[Source data]
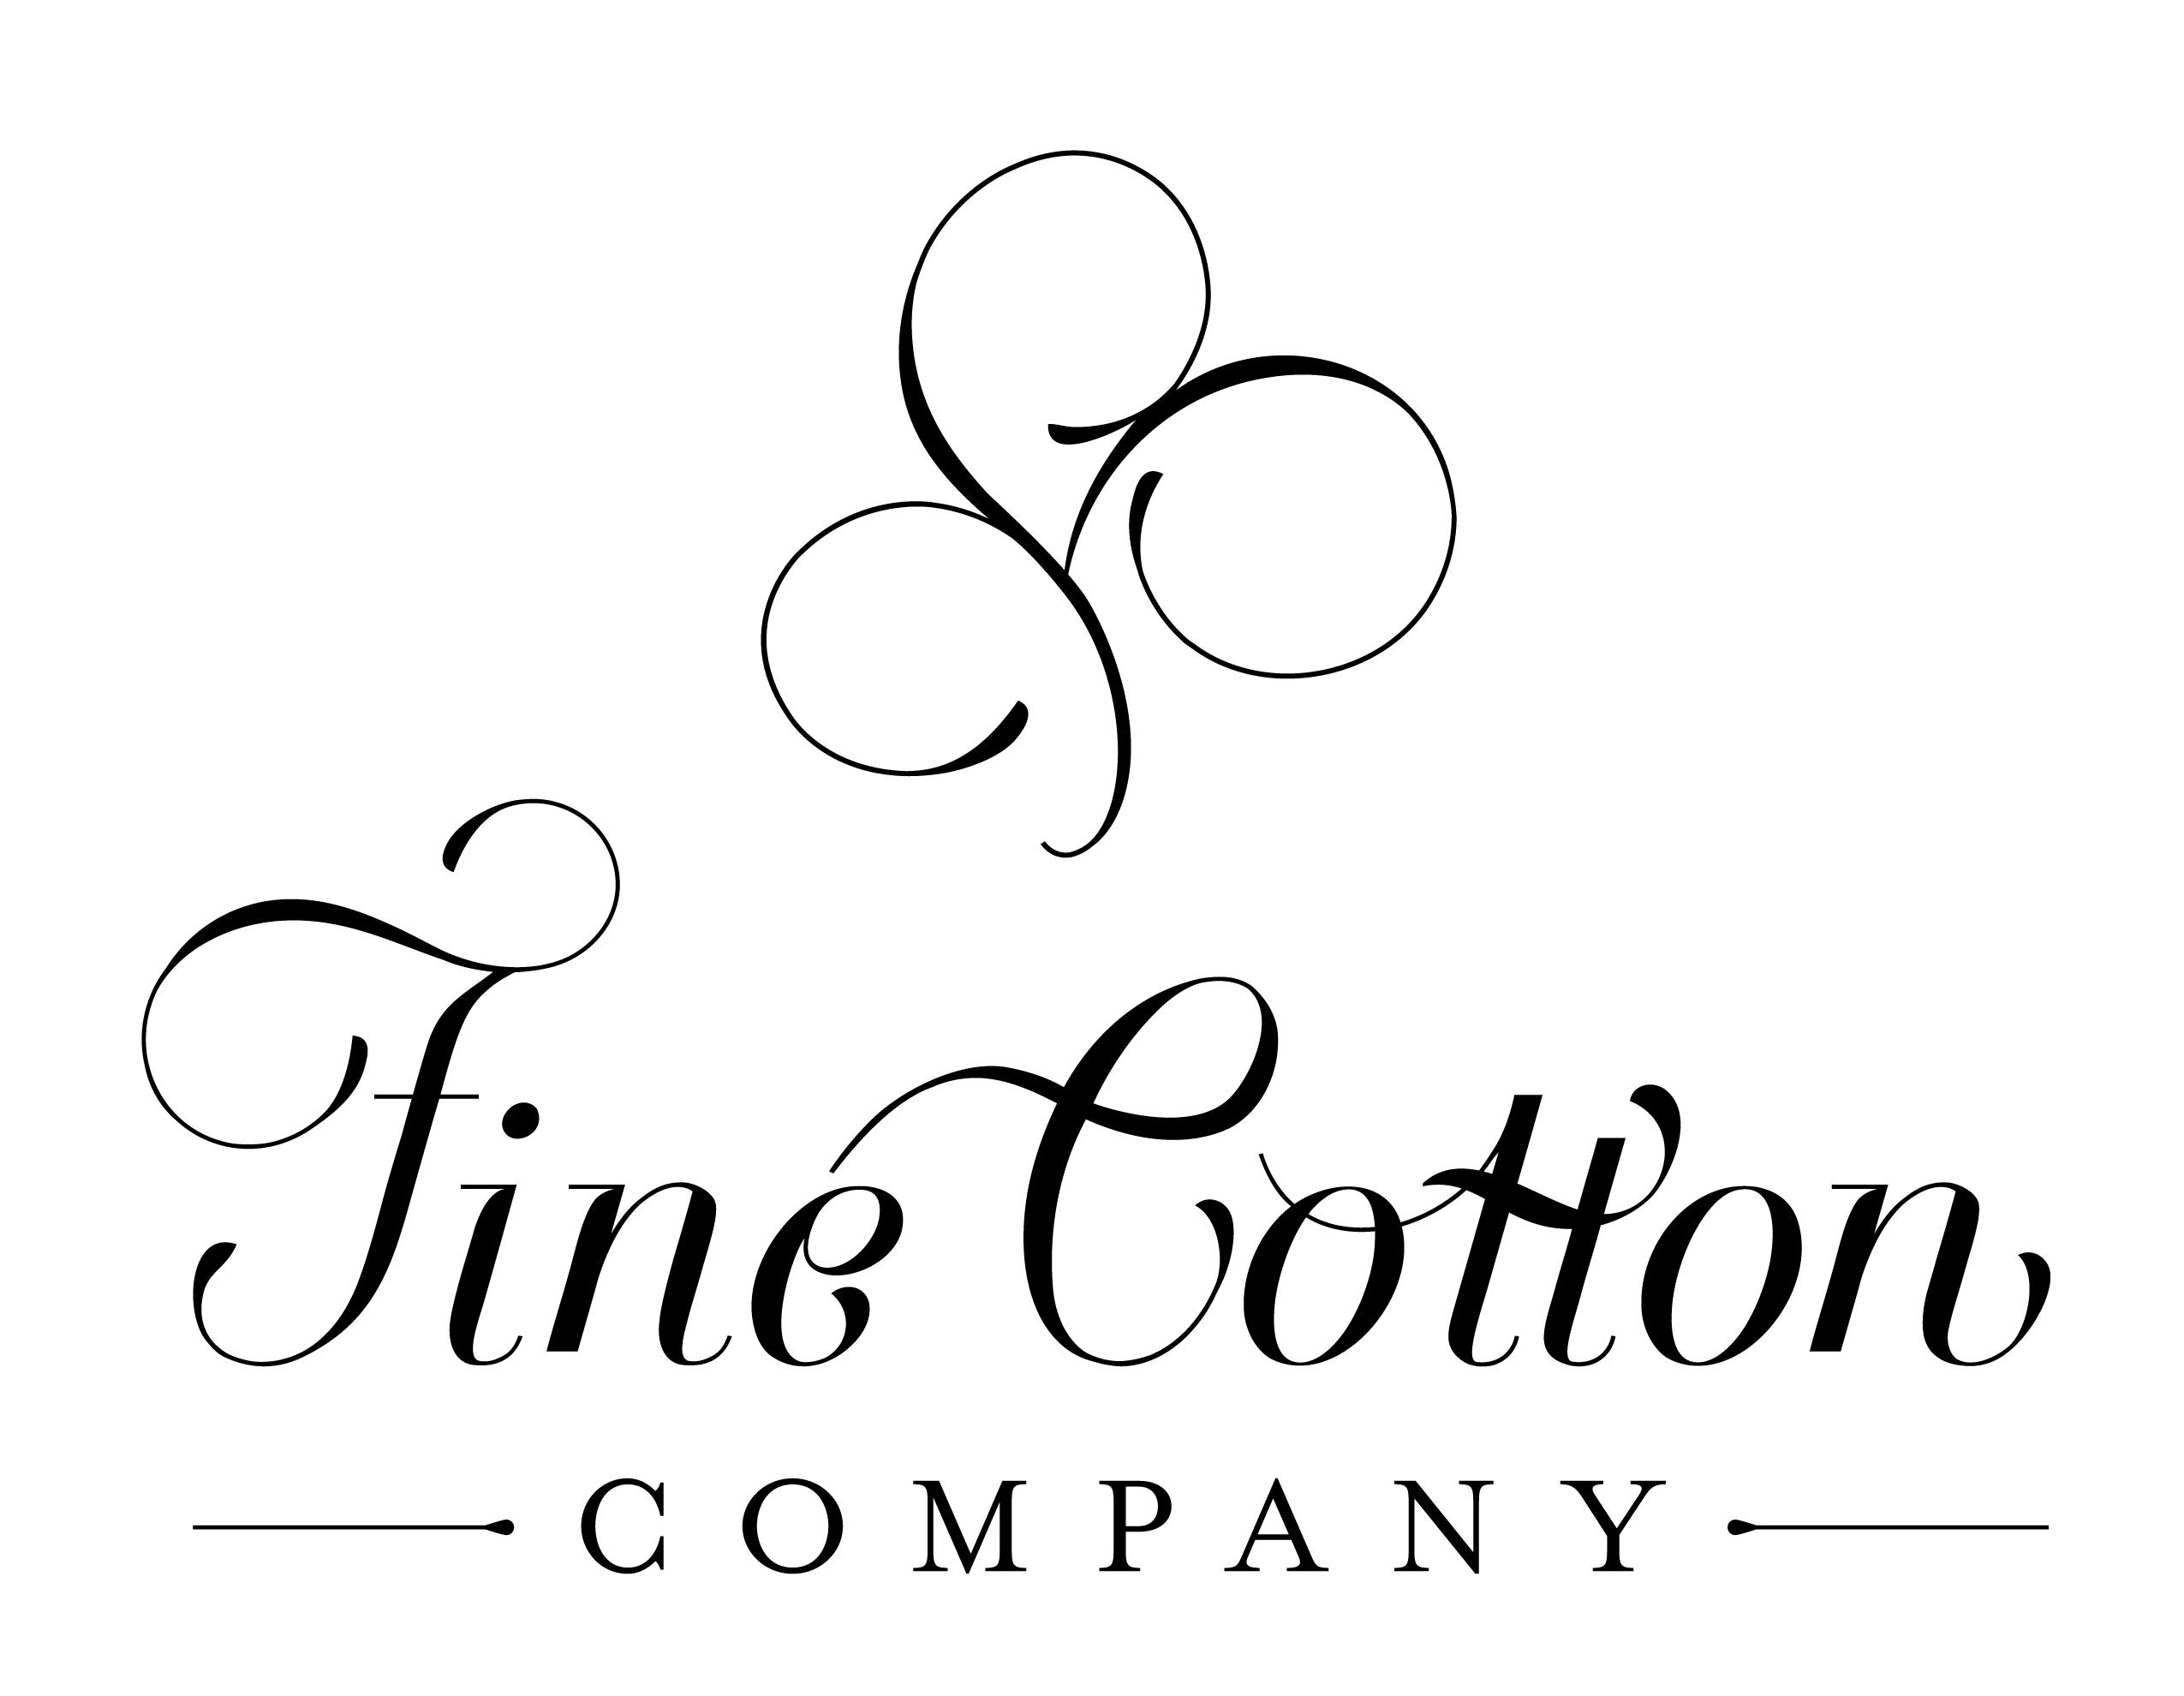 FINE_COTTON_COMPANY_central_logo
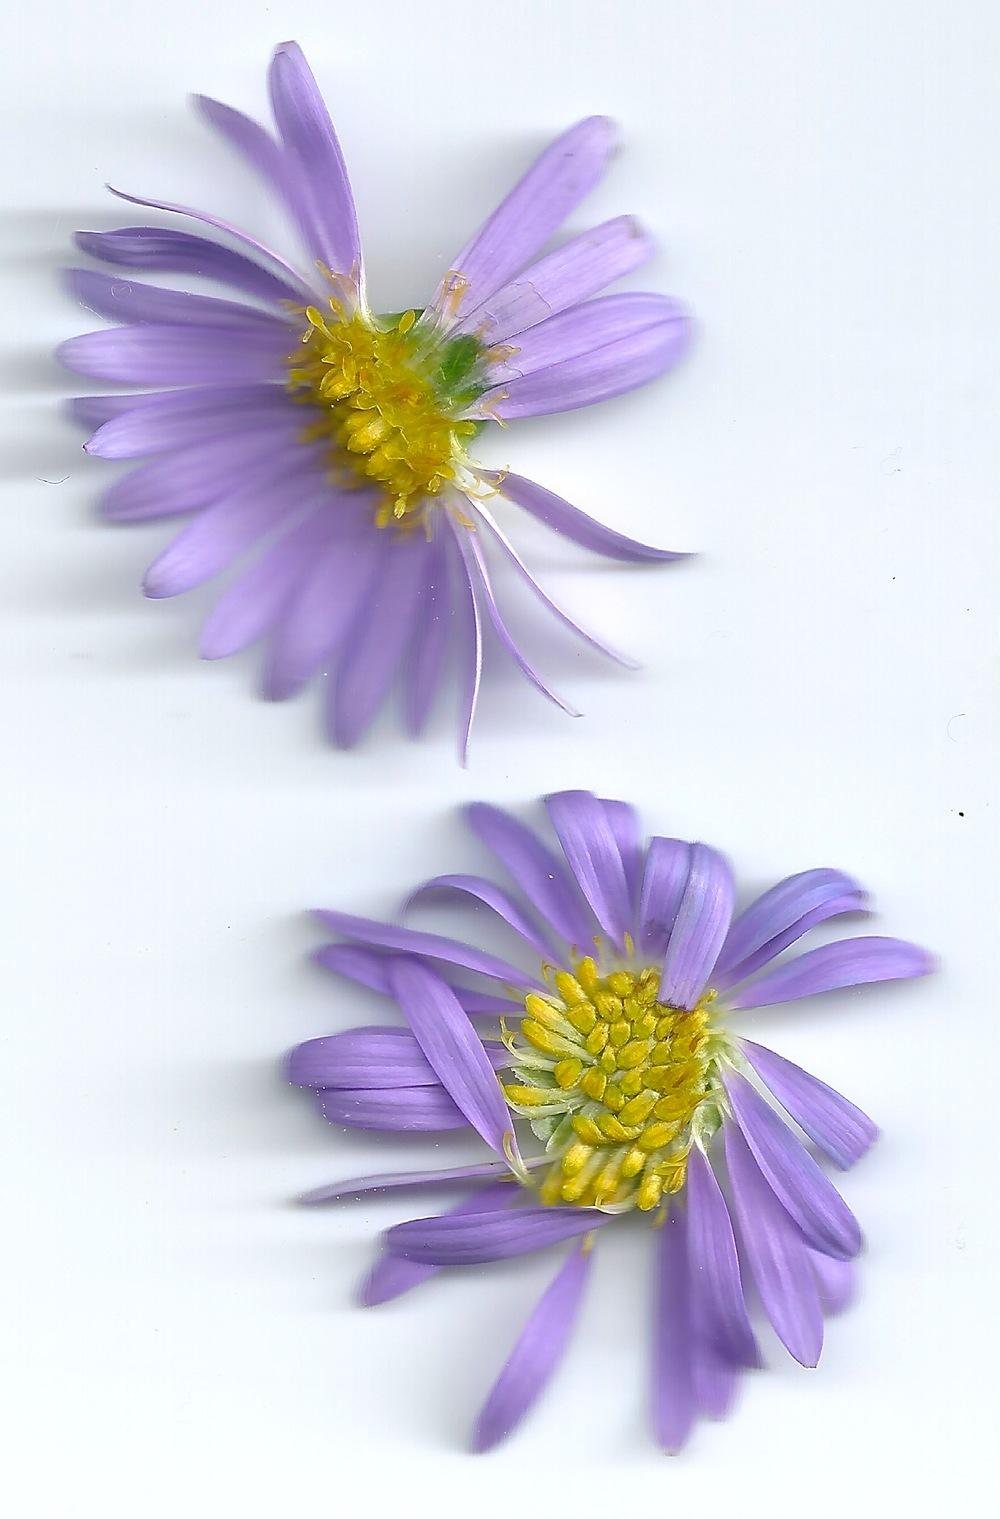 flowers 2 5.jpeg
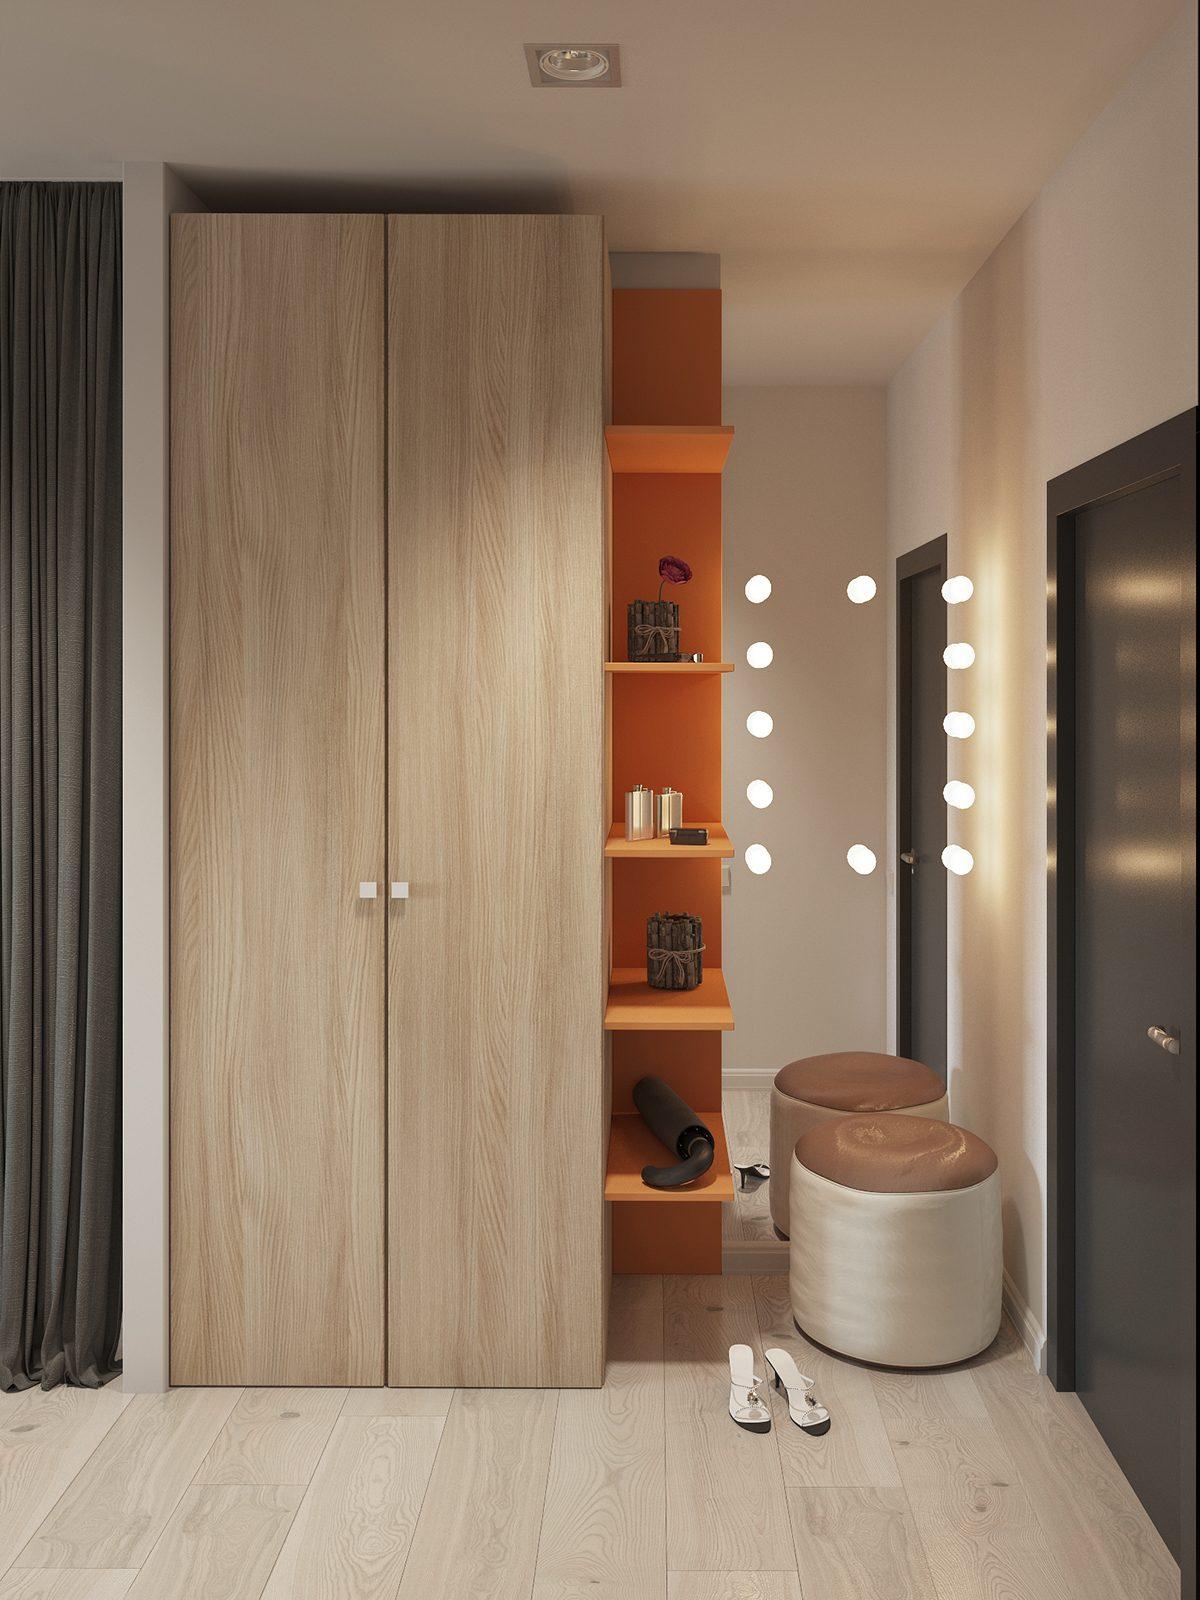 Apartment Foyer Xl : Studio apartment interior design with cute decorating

[Description of the task] Word-for-word output of the material above is needed, with the pictures left out.

[Result of this task]
 FINE_COTTON_COMPANY_central_logo
 flowers 2 5.jpeg
 Apartment Foyer Xl : Studio apartment interior design with cute decorating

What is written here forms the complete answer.